Nutrition Facts (per serving)
| Nutrient | Amount |
|---|---|
| Calories | 295 |
| Protein | 22g |
| Carbohydrates | 32g |
| Fat | 11g |
| Fiber | 14g |
Chef’s Tips
- Toast your spices in a dry pan for 30 seconds before adding them to intensify their flavors and create a more aromatic base for your lentils.
- Make the tahini dressing ahead and store it in the refrigerator – it will keep for up to one week and makes an excellent sauce for other grain bowls and salads.
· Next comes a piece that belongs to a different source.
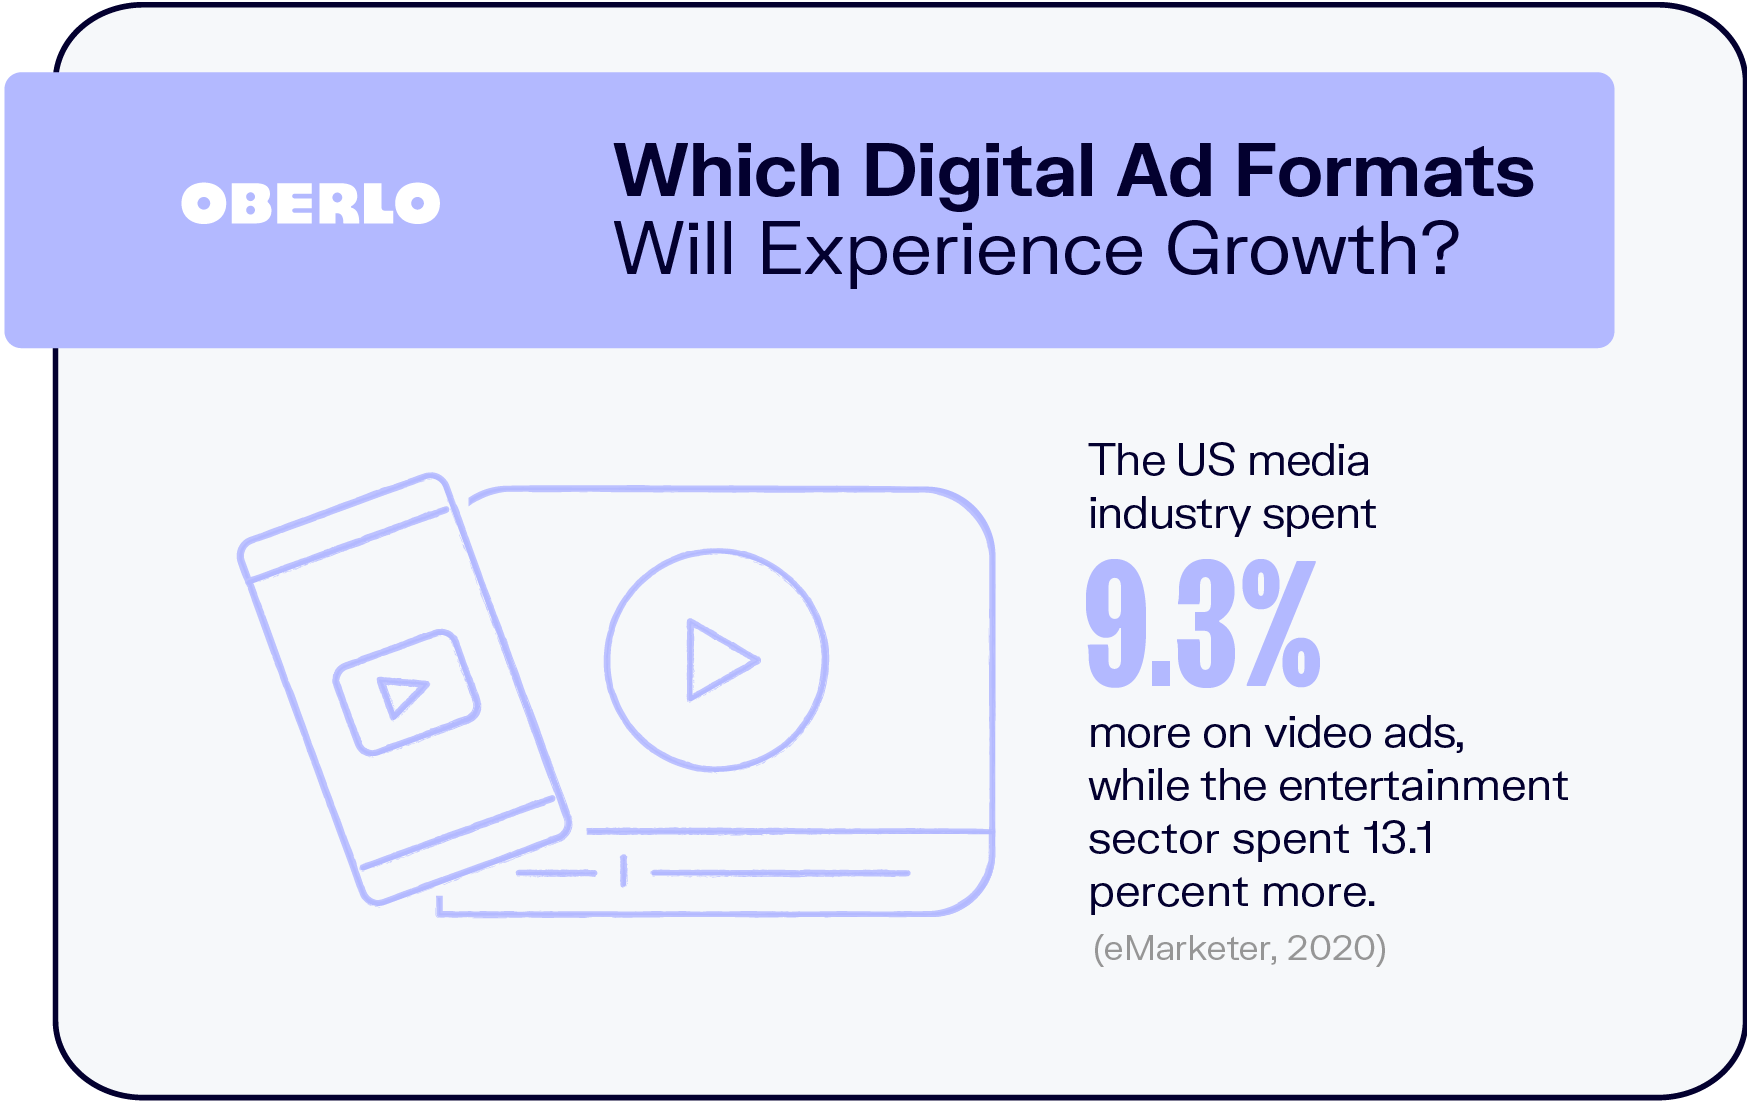 哪些数字广告形式将获得增长?
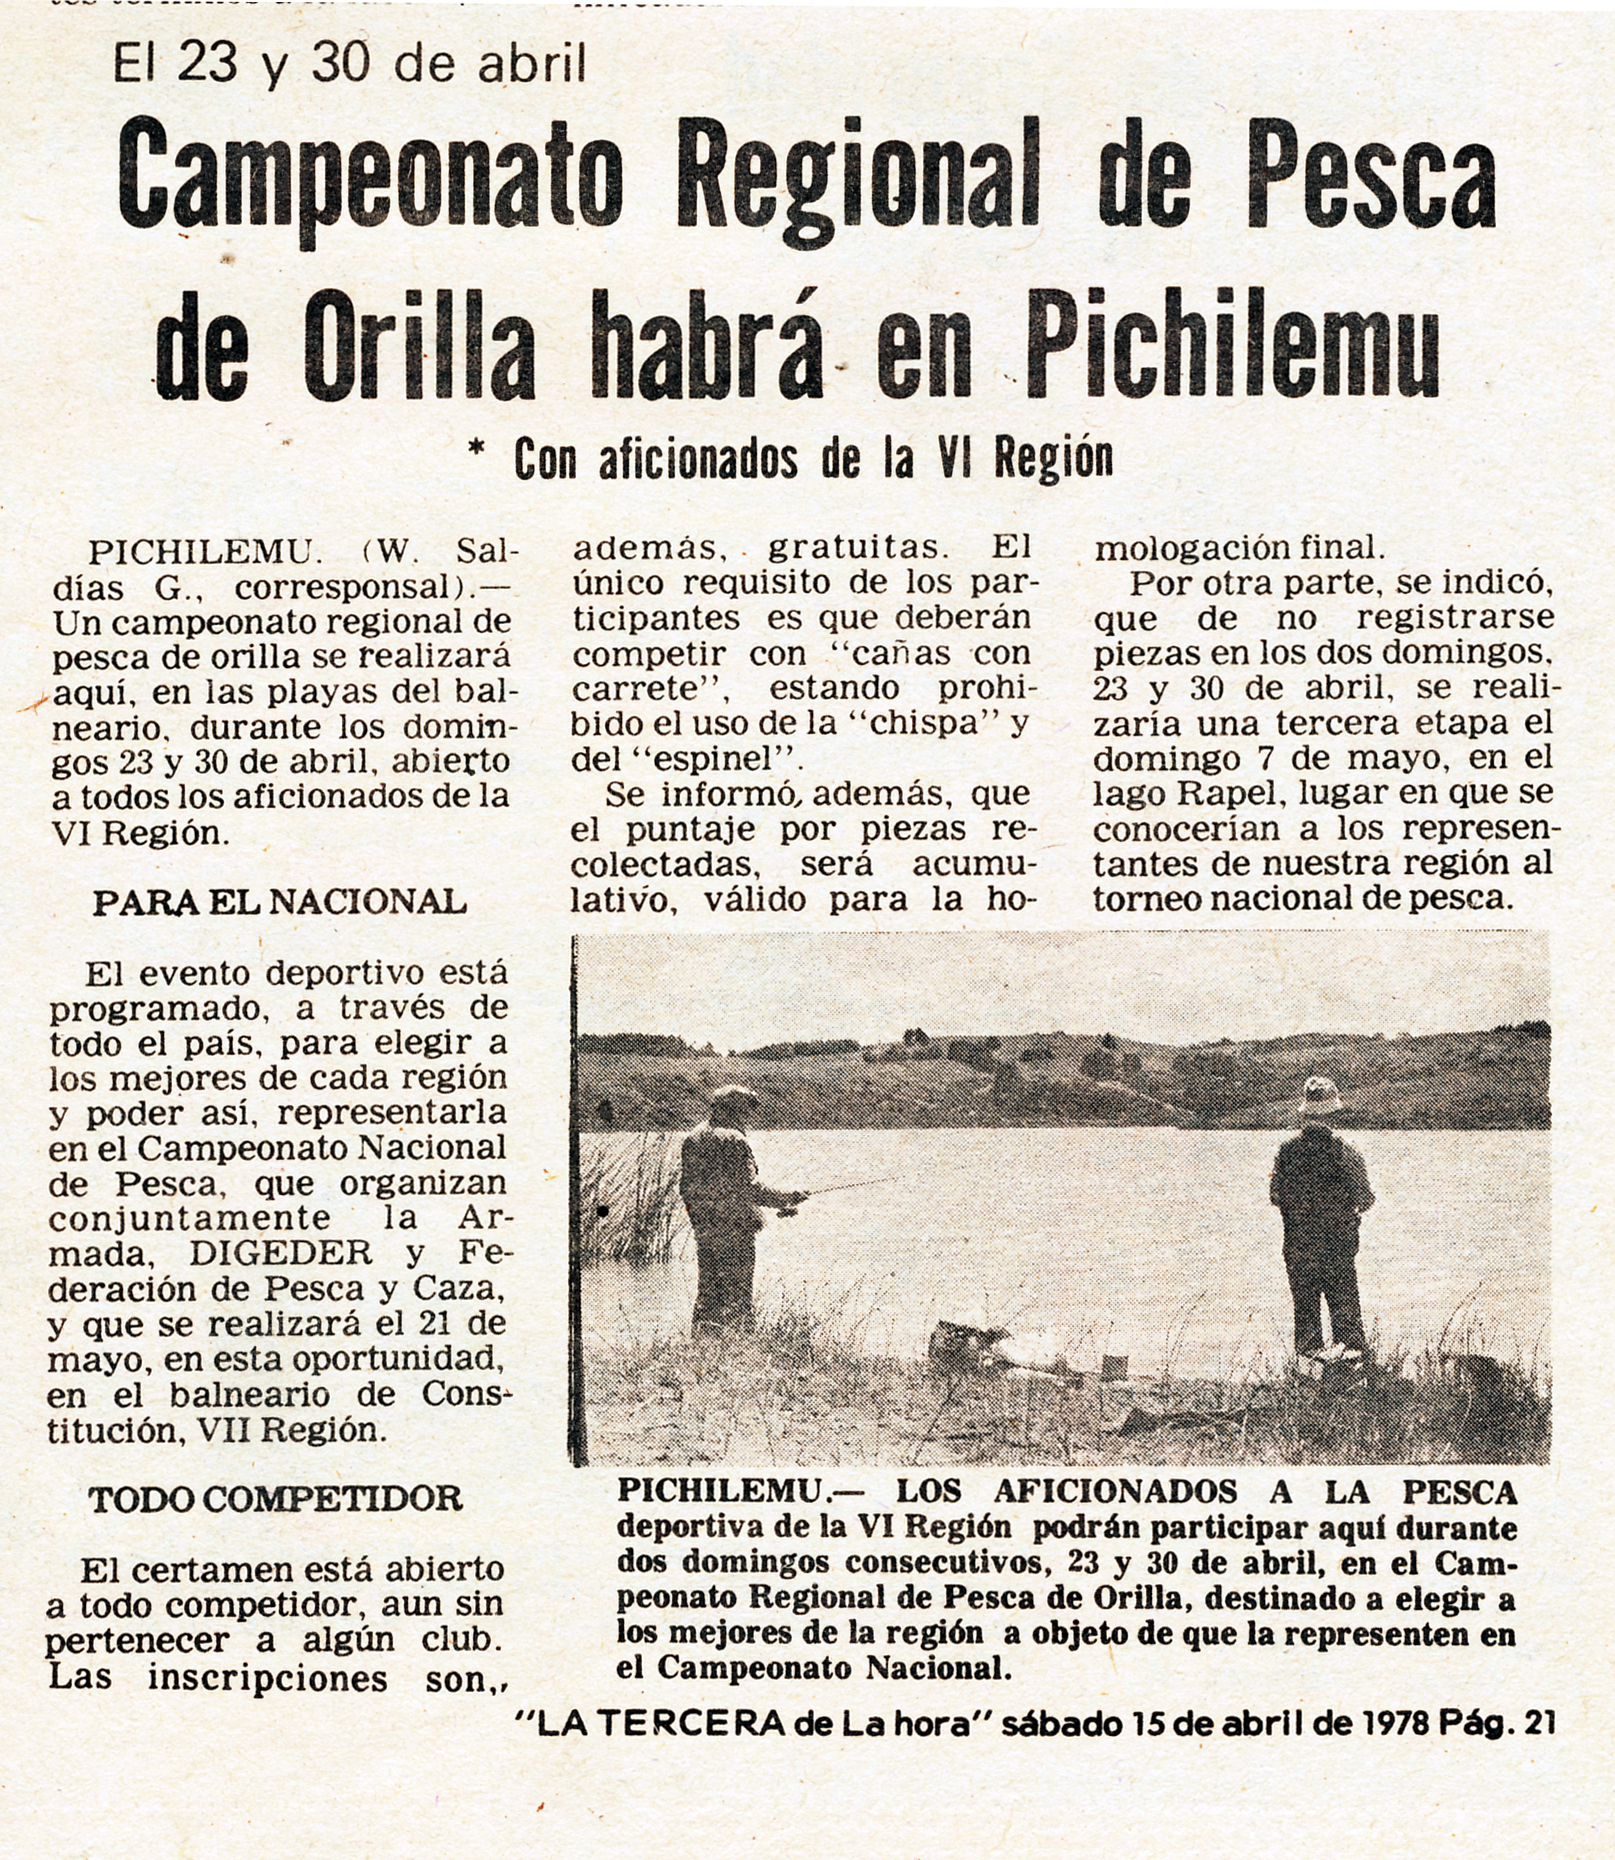 Campeonato Regional de Pesca de Orilla habrá en Pichilemu

- For extra richness and anti-inflammatory benefits, finish each bowl with a pinch of freshly cracked black pepper, which enhances turmeric absorption by up to 2000%.
Health Benefits
This anti-inflammatory powerhouse delivers exceptional health benefits through its carefully selected organic ingredients. Turmeric contains curcumin, a potent compound that reduces inflammation and supports joint health, while red lentils provide complete plant-based protein and soluble fiber for heart health and blood sugar stability. The hemp seeds add omega-3 fatty acids for brain health, and the rainbow of fresh vegetables supplies antioxidants, vitamins, and minerals that support immune function and cellular repair.
Storage Instructions
Store leftover cooked lentils and fresh vegetables separately in airtight containers in the refrigerator for up to 4 days. Keep tahini dressing in a sealed jar for up to 1 week. For meal prep, assemble bowls without dressing and add fresh tahini sauce just before serving. The lentil base can also be frozen for up to 3 months – thaw overnight and reheat gently with a splash of vegetable broth.